Minutes later, the dancers are partnered and move counterclockwise in a large circle. Twirling, Patrick Thomas and his girlfriend, Micaela Casas, move together, as if they've been doing this forever.
"This is my first semester here," Thomas says, his face gleaming with sweat. "That makes this my third or fourth class, but I just want to dance well and … impressively," he says, motioning toward Micaela, one of the club's officers, with his hand. She smiles.
"OK, everyone together now, one, two, three, four …" Pham says, starting up Eric Clapton's "Layla" from his black laptop.

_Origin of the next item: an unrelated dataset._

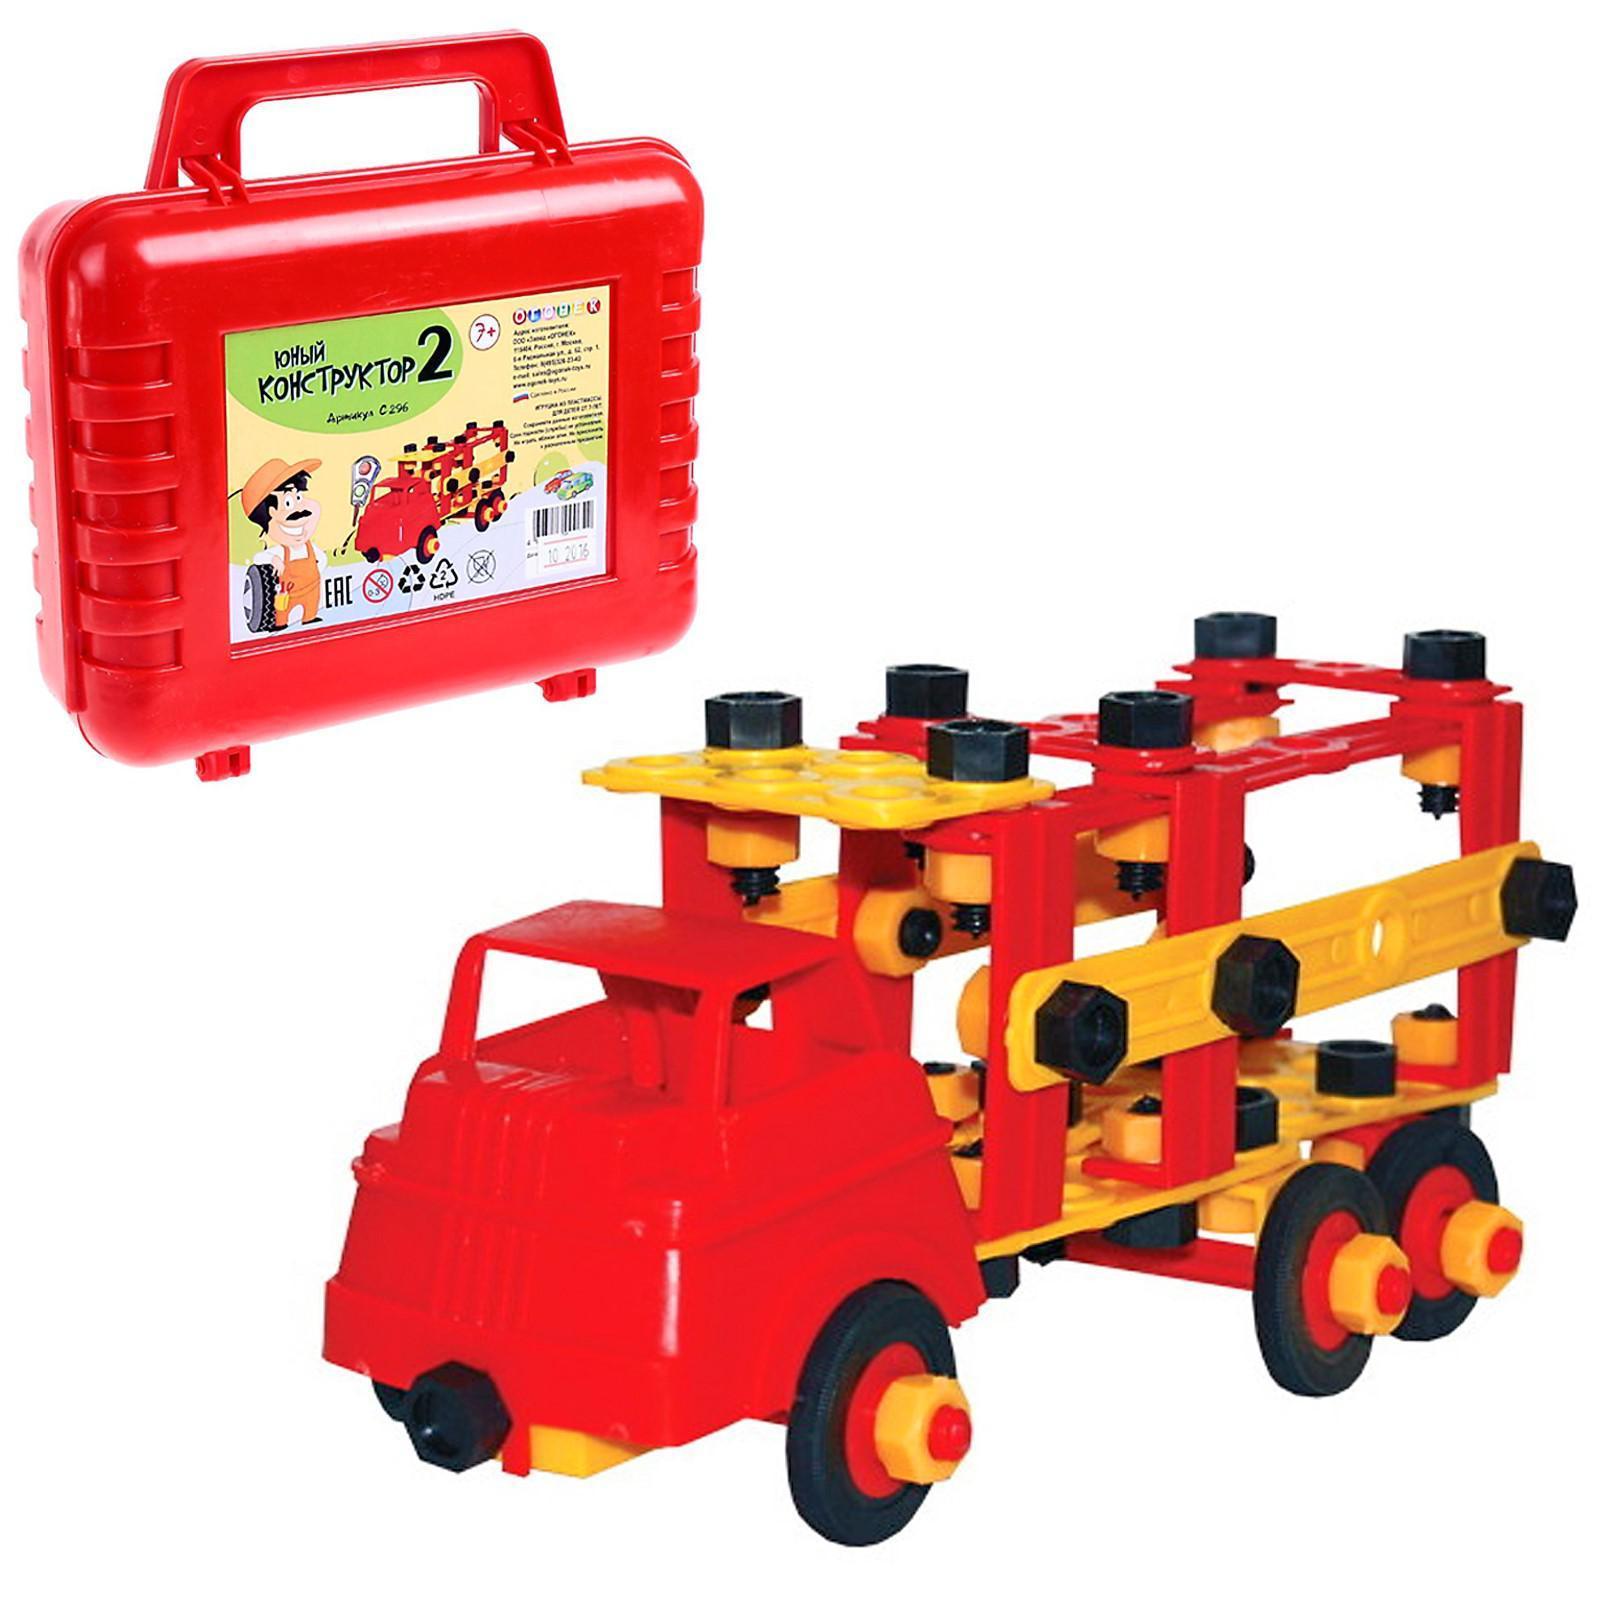 Огонек. Юный конструктор №2 - Модели для сборки: тачка, тележка, самокат, самосвал, грузовик с прицепом, панелевоз, пожарный автомобиль, автокран, строительный кран, качели, лесовоз, автофургон.

"Everyone and anyone can be a great dancer," he says. "If, after eight months of dancing, you're not a good dancer — not just decent, but good — you're getting gypped," he says, adding that members of his club have earned various prizes and accolades this past year, including national titles.
Pham placed third at a national dance competition last year, he's not shy about admitting, before revealing that his students "teach [him] new and different techniques every day."
"For example, Patrick hasn't let his disadvantage affect his dancing," Pham says, referring to Thomas, who has only one arm and two fingers. "When we were dancing today, he really made me think about different approaches to the two-step, a dance I usually don't even think about, I do it so often."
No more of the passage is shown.